Using the testing dataset, the model trained was tested for
correctness and accuracy. Domain knowledge was then transferred to
the OCC domain.
[0104] In a first phase of the test implementation, CNN CSRs
underwent Text Preprocessing, Feature Extraction and
Classification, and a knowledge base was constructed. Text
preprocessing involved Tokenization, Stop Word Removal and
Determining Term Frequency in order to produce the Bag of Words to
be used as keyword features in the next phase of the test
implementation. Features were then extracted and used for uniquely
identifying each document and classifying it into an appropriate
category. Finally the semantic knowledge base for the CNN domain
was developed manually from the extracted keywords and classified
documents. CCN knowledge representation is illustrated in FIG.
11.
[0105] Key phrases were then extracted from the OCC CSRs. Owing to
the similarity between the OCC and CCN products, it was possible to
transfer domain knowledge from CCN to OCC to generate an OCC
semantic knowledge base in a process as described above with
reference to FIGS. 4 to 7. Transferred predicate clauses were
verified in the target OCC domain to ensure they satisfied domain
properties. By transferring knowledge from the source CCN domain, a
semantic knowledge base of approximately 40%-60% of the target
final size was developed automatically in the target OCC domain.
The semantic knowledge base was then fine-tuned using manual
intervention. OCC knowledge representation is illustrated in FIG.
12, and some examples of concept matching between CCN and OCC are
given in the table below:
TABLE-US-00006 CCN OCC Module BL Configuration Framework Service
UMI Protocol Functional
[0106] Once the semantic knowledge base for OCC was developed, OCC
CSRs were classified using the transferred knowledge base and the
results are shown in the table below. "Precision" is the fraction
of retrieved CSRs that are relevant to the find query. "Recall" is
the fraction of the CSRs relevant to the query that are
successfully retrieved. The F-measure, or balanced
F-score=(2*P*R)/(P+R), is the harmonic mean of precision and
recall.
TABLE-US-00007 CLASSIFIER LABEL PRECISION RECALL F-MEASURE
CONGESTION 1.00 1.00 1.00 LINK 1.00 1.00 1.00 DISK 0.97 0.97
0.97
[0107] The above discussed example implementation illustrates
application of methods according to the present disclosure in the
telecoms domain. When considering application to an Internet of
Things use case, core domain knowledge may consist of physical
entities, units, data types, properties, predicates, formulas etc.

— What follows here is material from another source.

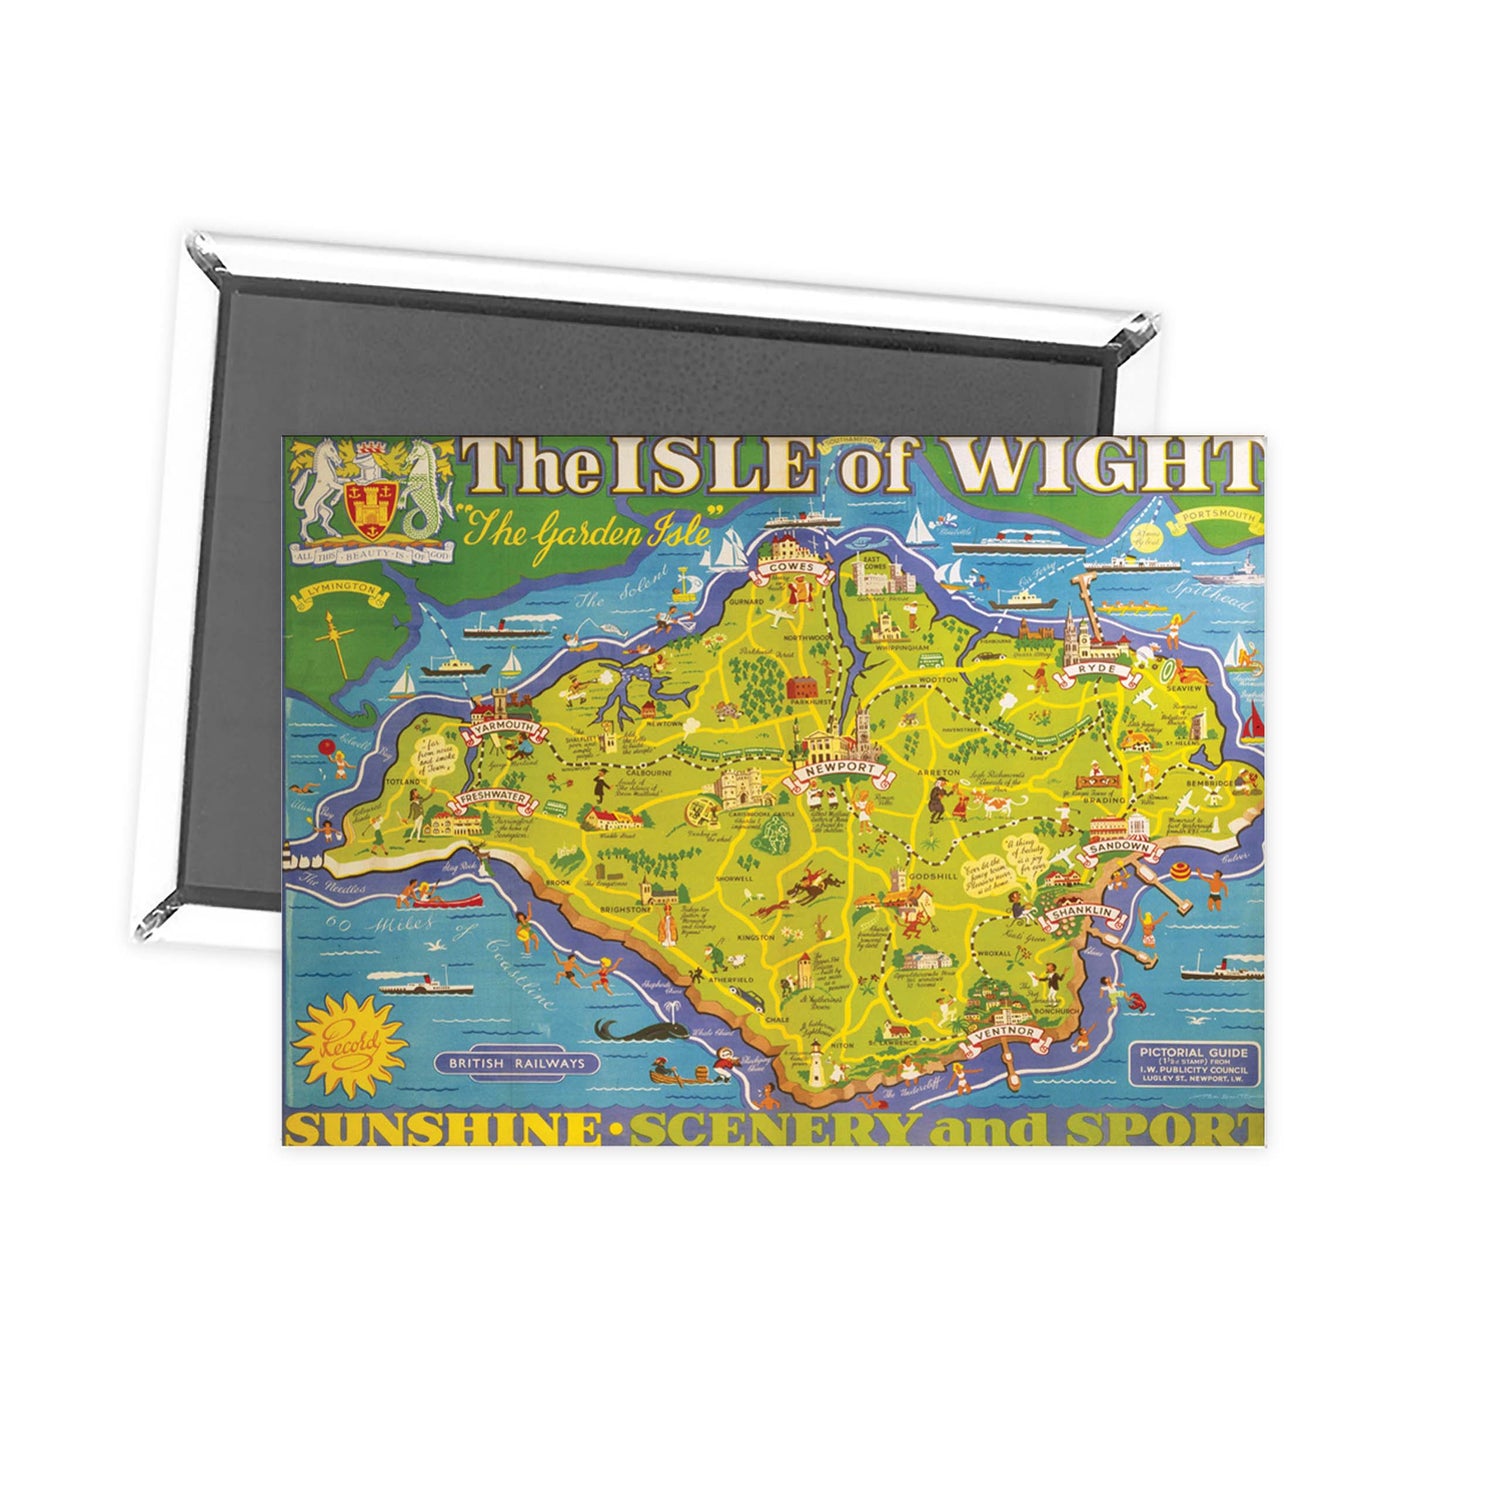 Isle Of Wight - Sunshine, Scenery and Sport Garden isle poster Fridge Magnet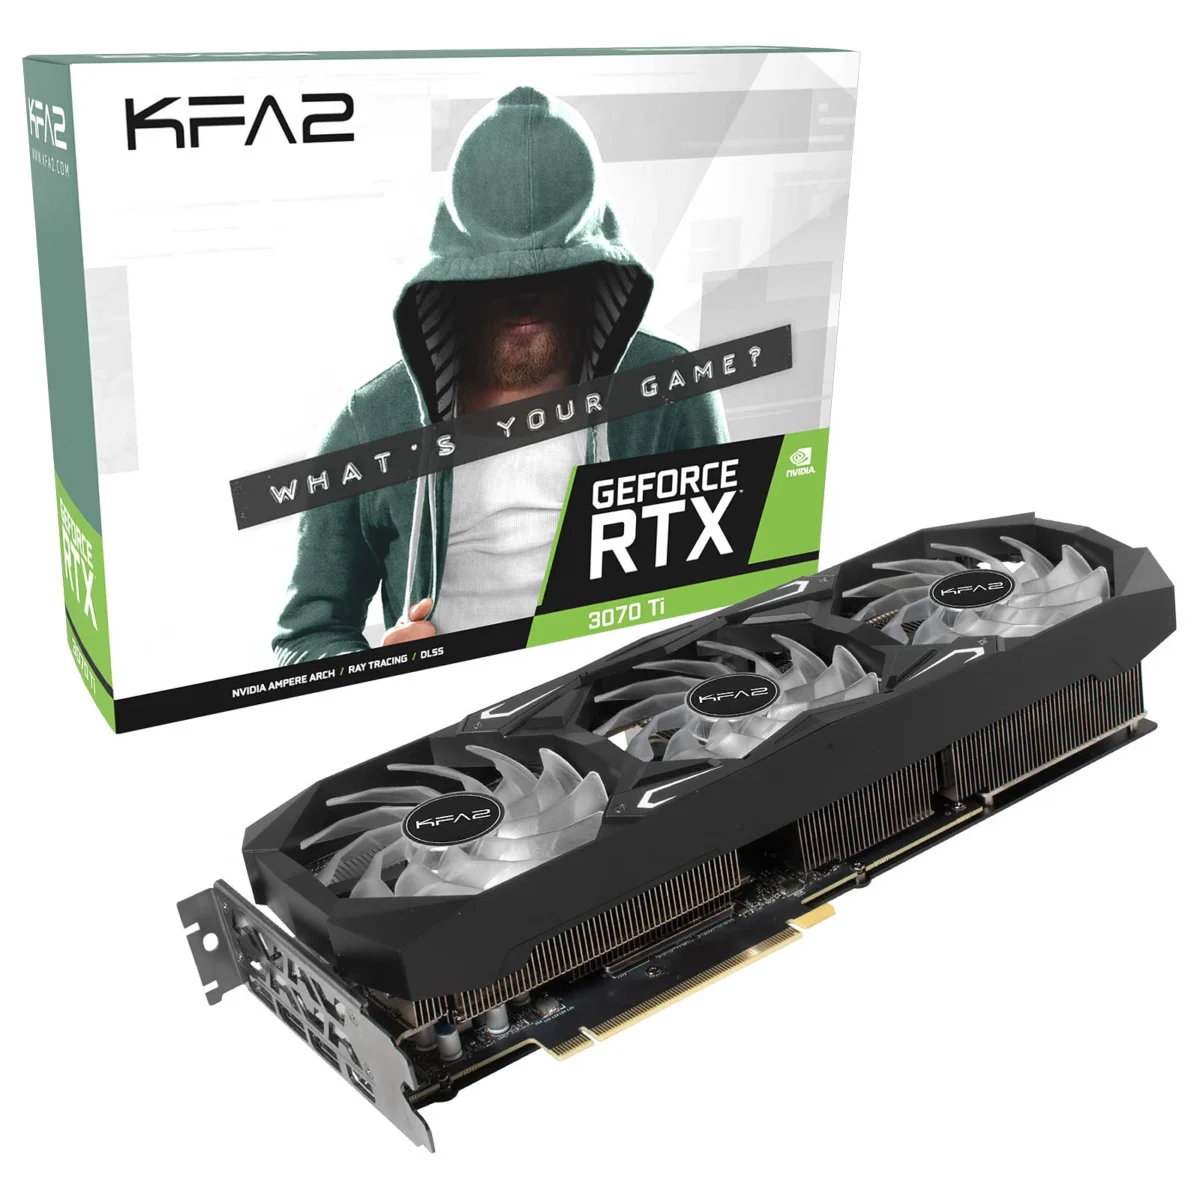 KFA2 GeForce RTX 3070 Ti SG (1-Click OC)

This domain knowledge may be reused, interlinked and extended using
the techniques of the present disclosure to build cross-domain
applications, as domain knowledge for any particular domain, for
example healthcare, may be reused in other domains including for
example tourism, transport etc. In a first example application, if
two heterogeneous device sets are employed in the same domain, then
the knowledge base acquired by one device set may be at least
partially transferred to the other device set. In a second example
application, if a new domain or sub-domain evolves, its knowledge
base need not be developed from scratch. Semantic knowledge from
similar domains may be transferred enabling the automatic
generation of at least a part of the knowledge base for the new
domain or sub-domain. Domain experts may then fine-tune the new
knowledge base requiring greatly reduced time and effort comparted
to generating the entire new semantic knowledge base. In a third
example, it may be appropriate to merge multiple domain knowledge
bases to develop a new domain. A healthcare service for example may
require development of a knowledge base from multiple domains
including anatomy, general patient data, disease data etc., with
data having been collected by a range of devices including smart
medical devices. In such cases, the domains to be merged share
certain similarities and/or are substantially aligned or related to
each other. If the semantic knowledge bases for the source domains
are available then their domain knowledge can be transferred to the
destination domain and the knowledge base of the destination domain
can be at least partially developed automatically using the
techniques of the present disclosure.
[0108] The methods of the present disclosure may be conducted in an
apparatus. FIG. 13 illustrates an example apparatus 300 which may
implement the methods 100, 200 for example on receipt of suitable
instructions from a computer program. Referring to FIG. 13, the
apparatus 300 comprises a processor 301 and a memory 302. The
memory 302 contains instructions executable by the processor 301
such that the apparatus 300 is operative to conduct some or all of
the steps of the methods 100 and/or 200.
[0109] FIG. 14 illustrates an alternative example apparatus 400,
which may implement the methods 100, 200, for example on receipt of
suitable instructions from a computer program. It will be
appreciated that the units illustrated in FIG. 14 may be realised
in any appropriate combination of hardware and/or software. For
example, the units may comprise one or more processors and one or
more memories containing instructions executable by the one or more
processors. The units may be integrated to any degree.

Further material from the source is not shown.